而季淑一路回來,經歷了若干顛簸,此刻終於安穩下來,待花醒言走了之後,先洗了個澡,然後上床美美地睡了一覺,此刻已經初秋,天氣涼爽,季淑擁了被子,一覺便睡到天黑,覺得肚子餓了才爬起來,吃了東西,問了問花醒言還未回來,就又問天權,侍女道:「已經給公子送了飯菜去了。」季淑見她兩個回話中笑盈盈地,隨口問道:「他吃了麼?」侍女道:「用了些,吃的不多。」季淑笑道:「大概是不合他的口味,怎麼,你們笑什麼?」侍女道:「小姐恕罪,只是那位公子……」季淑道:「怎樣?」

侍女兩個面面相覷,掩嘴而笑,你推我我退你,其中一個就說道:「小姐,那位公子……生得倒是好,就是人冷清了些,不是我們東明的人麼?」季淑若有所思,道:「哦……難道是看人家生的好看,你們動了心思了?」兩個侍女臉俱紅了,低頭道:「奴婢等不敢。」

季淑笑道:「沒想到那小子也挺招人的……」說了一句,忽地目光一轉,道:「天權?」自然是無人答應的。兩個侍女見狀,便問道:「小姐喚誰?」季淑想了想,揮揮手道:「你們先出去吧。」侍女們只好答應。

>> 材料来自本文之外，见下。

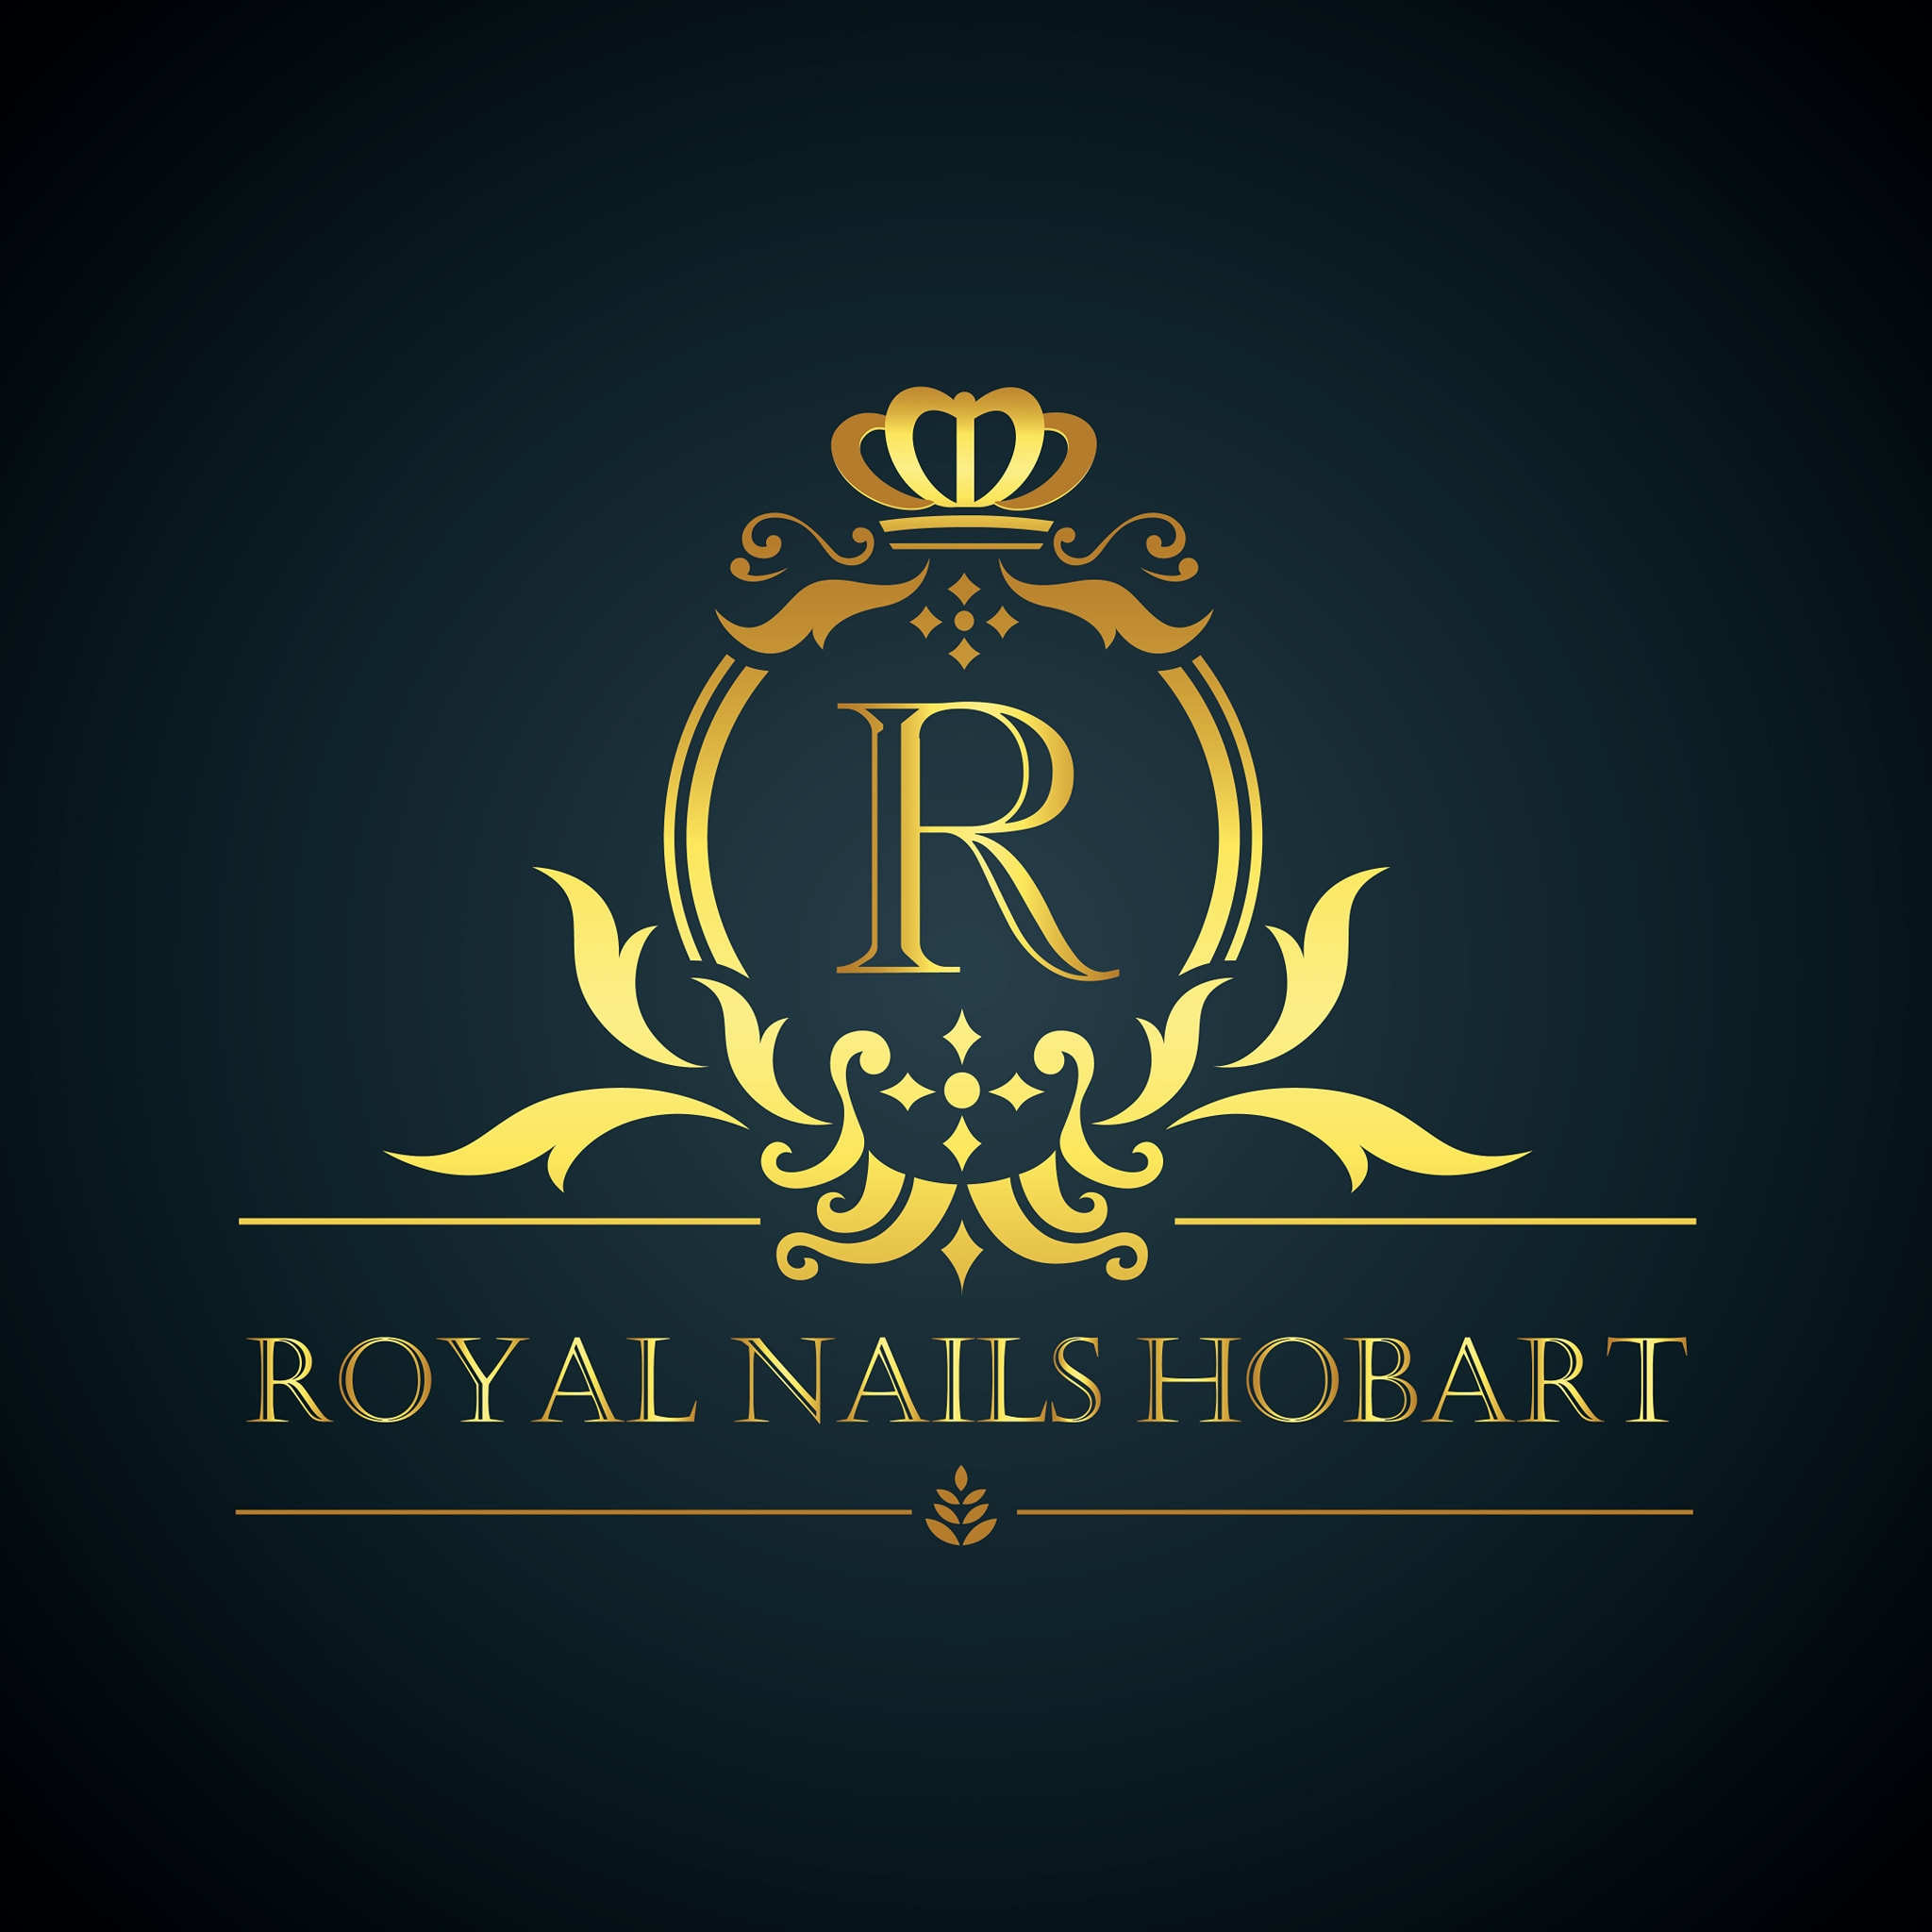 Royal Nails Hobart

季淑待她們去了,才又道:「我知道你一定在的,快些出來,我有事要同你說呢。」悠悠然說了這句,果然見門口白影一晃,有人從天而降,身形翩然又瀟灑,簡直如仙子從天而降。

季淑瞠目結舌,沒想到他竟是這樣華麗的出場,一時笑道:「喂,先前你就在屋頂上麼?」天權並不進門,站在門口,冷冷說道:「你說有事,卻是何事?」季淑道:「大事,你進來說,在外頭我怕隔牆有耳。」天權道:「這周遭無人。」季淑道:「叫你進來就進來,難道我是老虎,會吃了你麼?」天權心道:「你雖不是老虎,卻比老虎可怕可惡數倍。」到底不敢說,就勉強邁步進來。

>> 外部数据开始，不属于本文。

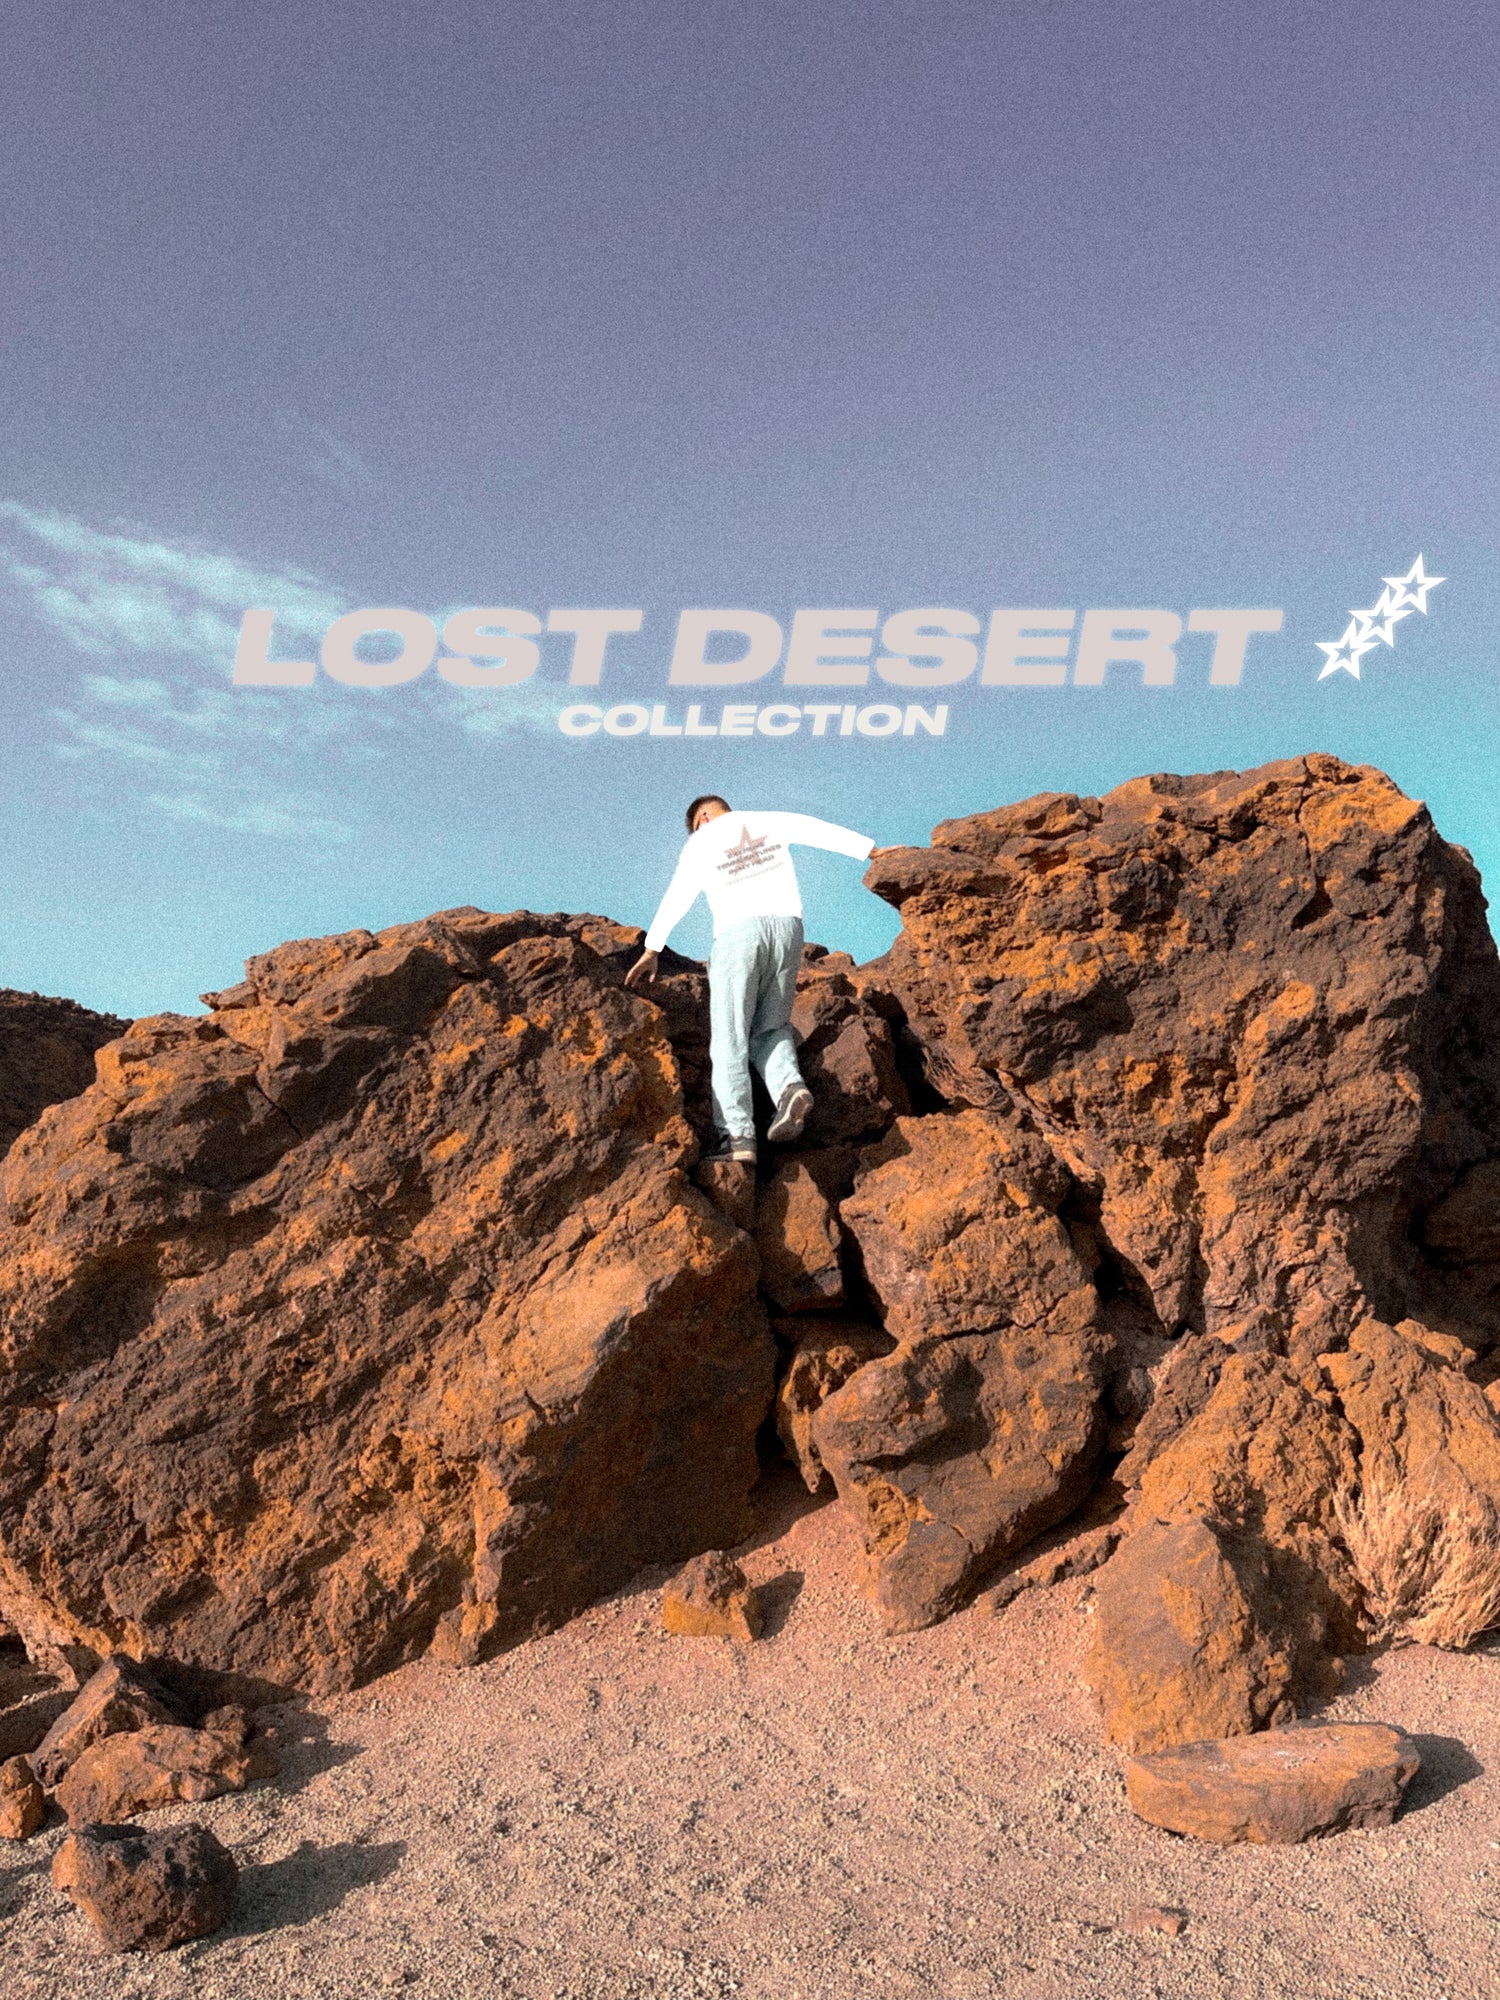 LOST DESERT

天權進門,便問道:「說罷,到底何事?」季淑笑道:「是你的終身大事。」天權很是意外,旋即皺眉,道:「你又胡說什麼!」季淑道:「你方才沒聽到麼?小姑娘家家的,為你春心大動。」天權惱怒,道:「我要走啦。」季淑見他真個生氣,才道:「噫,只是開個玩笑罷了,急什麼?我倒是真有事跟你商議的。」

天權這才停步,道:「你若是再說些無稽之談,以後你再怎麼叫我我都不會出面。」季淑笑吟吟地,道:「咳,你也不能諱疾忌醫……好吧,我想說的是,今兒我睡覺的時候,隱隱約約地,好像聽到宮中有人來,似是清妃,召我進宮呢。我因睡得迷糊,不願意動,又記得爹爹臨走前叫我安心留在家中,便把人遣走了。」

天權不解,問道:「如何?」季淑說道:「你說她叫我進宮做什麼呢?」天權說道:「我怎知道?」季淑說道:「我只想問問你,倘若她還叫人來,我是去還是不去?」天權道:「你自己決斷便是了。只不過,你若去,我自是跟著去的。」季淑笑道:「正好,我其實就是想知道你這最後一句。」